The following discussion and analysis of our financial condition, results of operations and cash flows should be read in conjunction with the (1) unaudited condensed consolidated financial statements and the related notes thereto included elsewhere in this Quarterly Report on Form 10-Q, and (2) the audited consolidated financial statements and notes thereto and management’s discussion and analysis of financial condition and results of operations for the fiscal year ended December 31, 2011 included in the final prospectus for our IPO dated as of, and filed with the Securities and Exchange Commission, or the SEC, pursuant to Rule 424(b)(4) on June 29, 2012 (File No. 333-180486). This Quarterly Report on Form 10-Q contains “forward-looking statements” within the meaning of Section 21E of the Securities Exchange Act of 1934, as amended, or the Exchange Act. These statements are often identified by the use of words such as “may,” “will,” “expect,” “believe,” “anticipate,” “intend,” “could,” “estimate,” or “continue,” and similar expressions or variations. Such forward-looking statements are subject to risks, uncertainties and other factors that could cause actual results and the timing of certain events to differ materially from future results expressed or implied by such forward-looking statements. Factors that could cause or contribute to such differences include, but are not limited to, those identified herein, and those discussed in the section titled “Risk Factors”, set forth in Part II, Item 1A of this Form 10-Q and in our other SEC filings, including our final prospectus dated as of June 28, 2012. We disclaim any obligation to update any forward-looking statements to reflect events or circumstances after the date of such statements.

Overview

ServiceNow is a leading provider of cloud-based services to automate enterprise IT operations. Our service includes a suite of applications built on our proprietary platform that automates workflow and integrates related business processes. We focus on transforming enterprise IT by automating and standardizing business processes and consolidating IT across the global enterprise. Organizations deploy our service to create a single system of record for enterprise IT, to lower operational costs and to enhance efficiency. Additionally, our customers use our extensible platform to build custom applications for automating activities unique to their business requirements.

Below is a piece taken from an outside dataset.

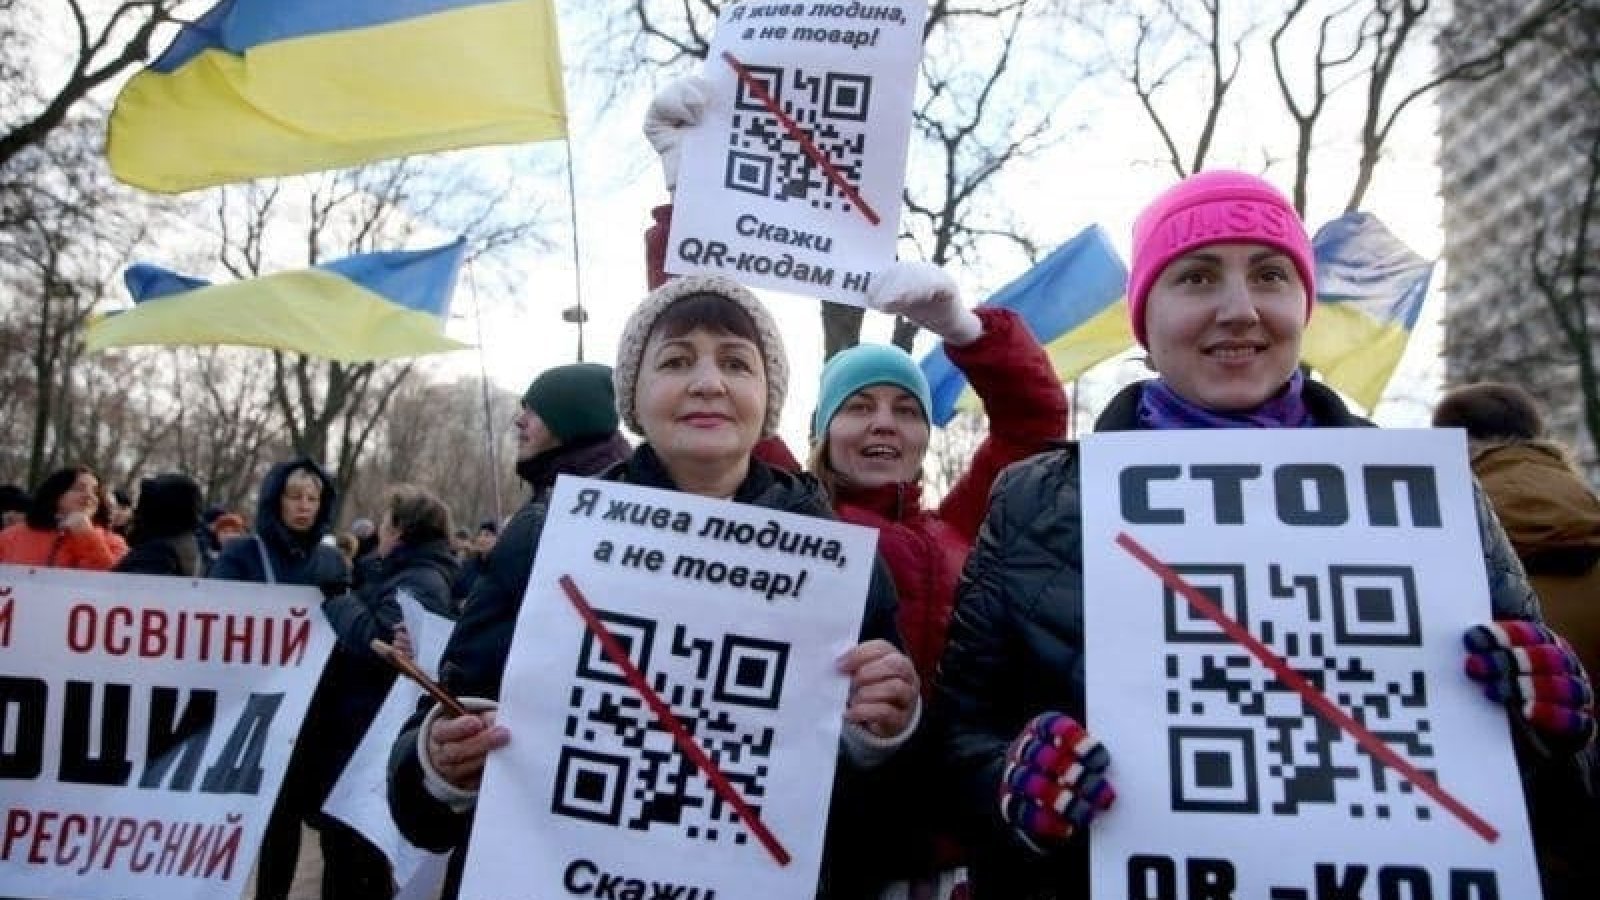 Митинги антивакцинаторов собираются из-за страха и недоверия к власти, — Ольга Богомолец

We offer our service under a Software-as-a-Service, or SaaS, business model. Our subscription fee includes the use of our service and our technical support and management of the hosting infrastructure. We provide a scaled pricing model based on the number of users, in which the subscription price per user decreases as the number of users increases. We generally bill our customers annually in advance. We generate sales through our direct sales team and indirectly through channel partners and third-party referrals. We also generate revenues from professional services for implementation and training.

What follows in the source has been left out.